[Task description]: Could every line of the listing be output exactly, with the pictures skipped?

[The data]:
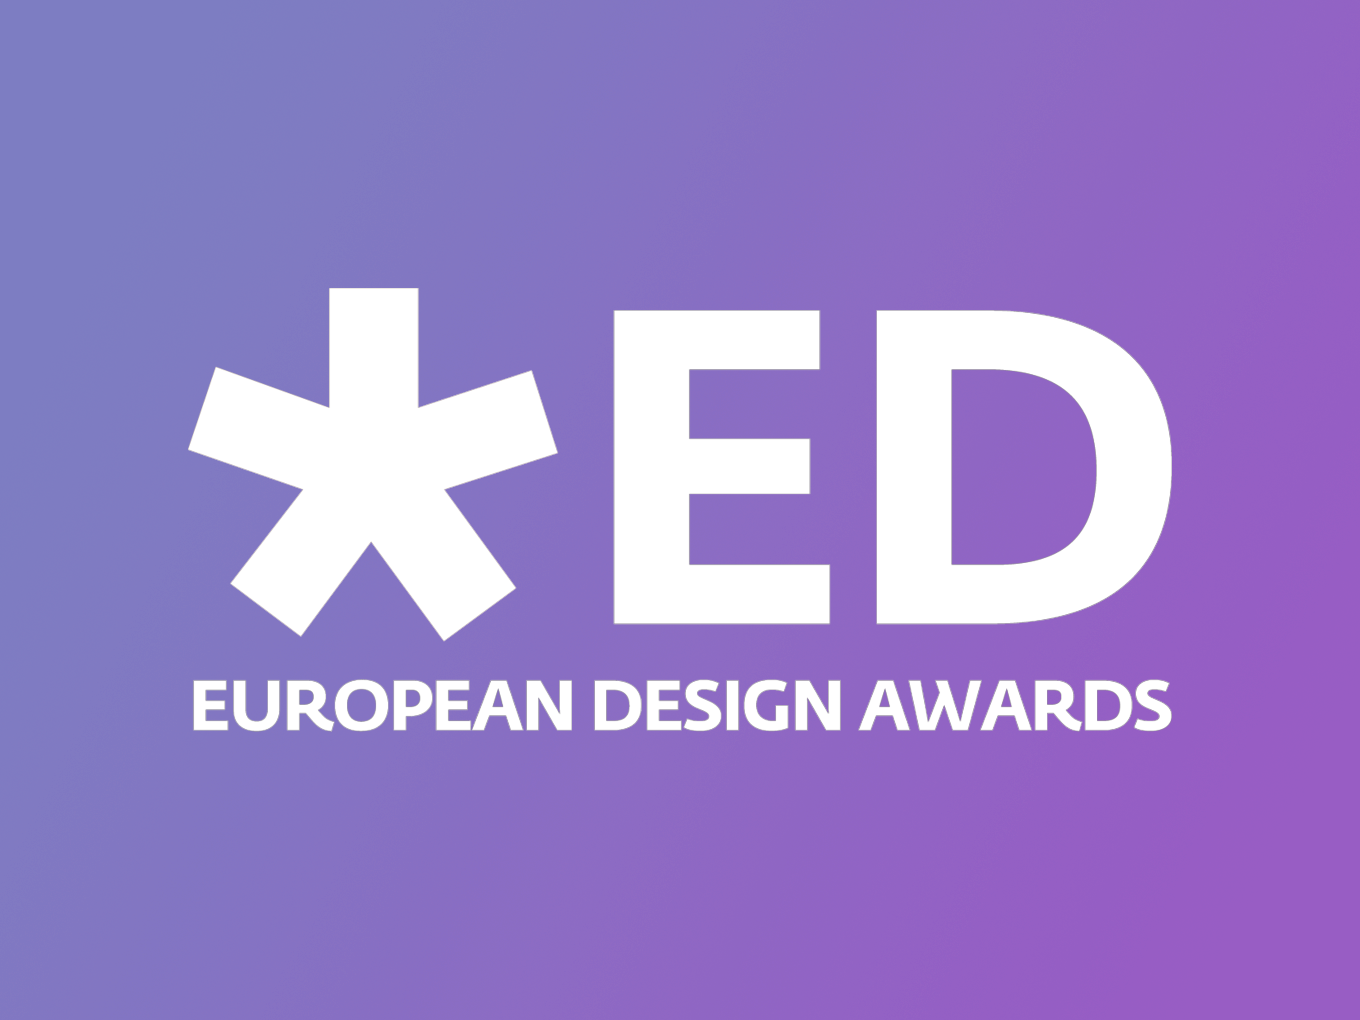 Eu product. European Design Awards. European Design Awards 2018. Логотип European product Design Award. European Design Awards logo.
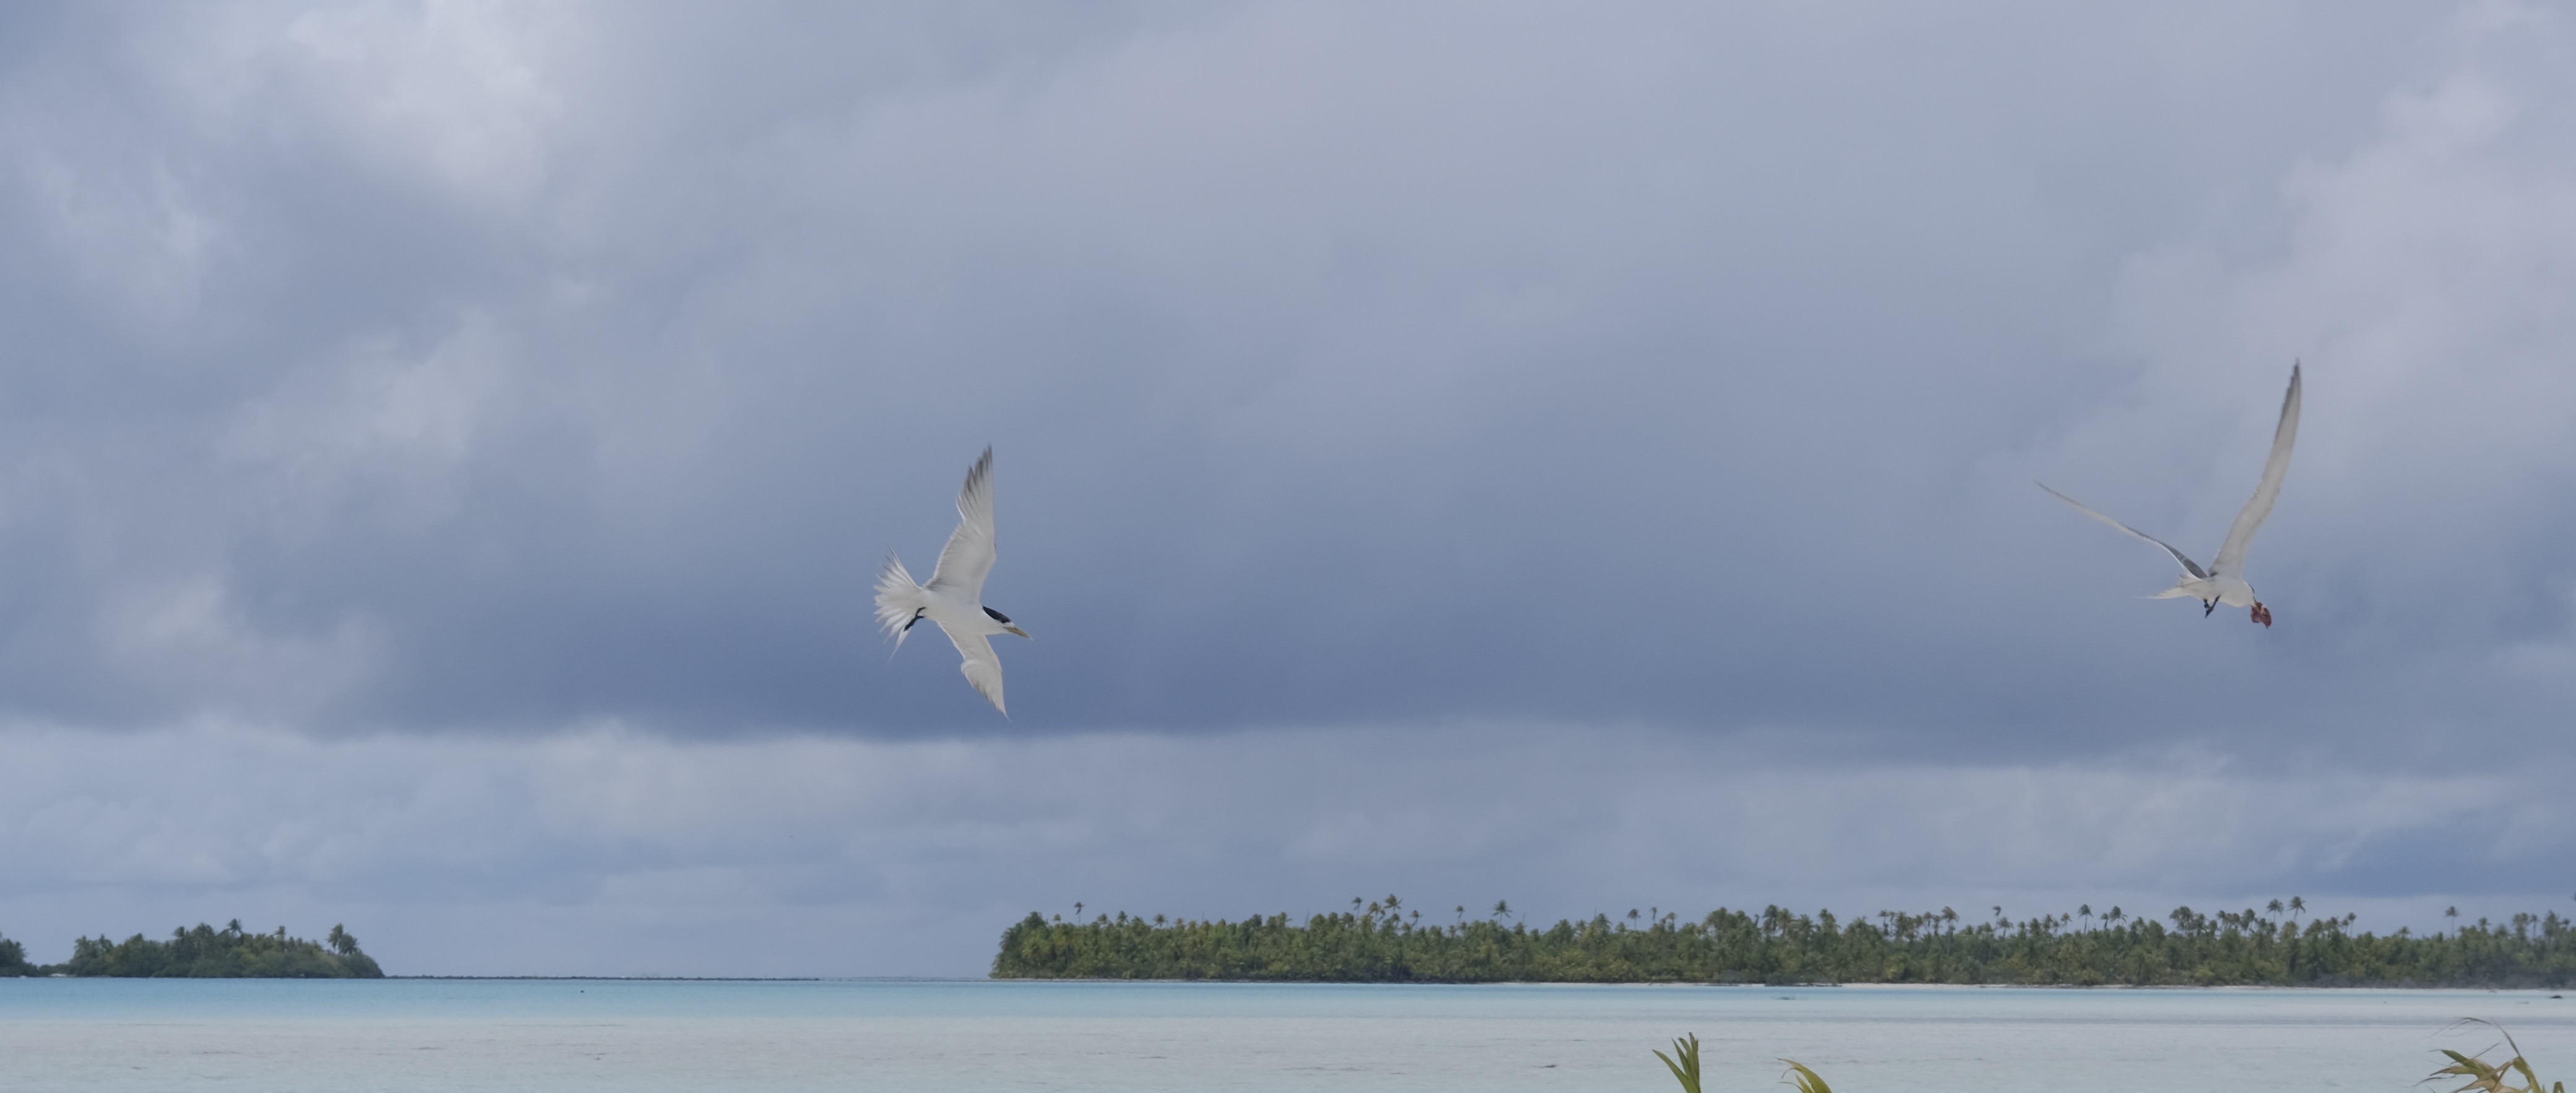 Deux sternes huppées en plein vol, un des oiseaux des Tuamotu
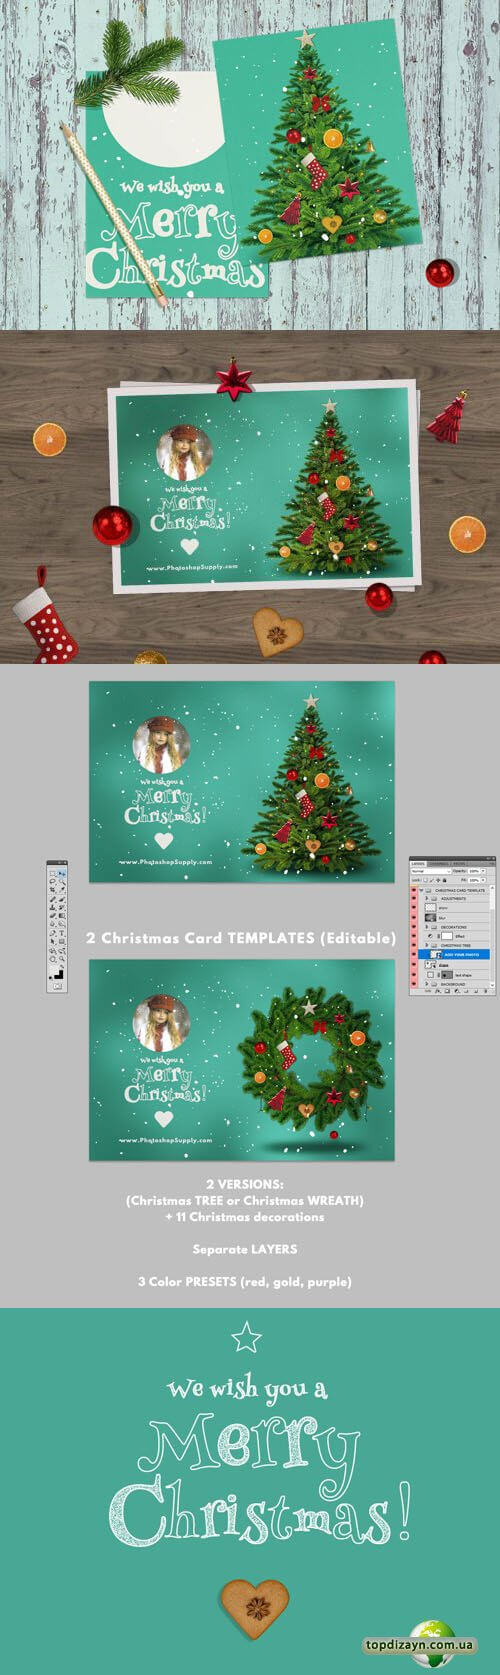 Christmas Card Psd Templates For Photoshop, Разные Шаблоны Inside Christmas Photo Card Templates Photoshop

[Task output]:
 Eu product. European Design Awards. European Design Awards 2018. Логотип European product Design Award. European Design Awards logo.
 Deux sternes huppées en plein vol, un des oiseaux des Tuamotu
 Christmas Card Psd Templates For Photoshop, Разные Шаблоны Inside Christmas Photo Card Templates Photoshop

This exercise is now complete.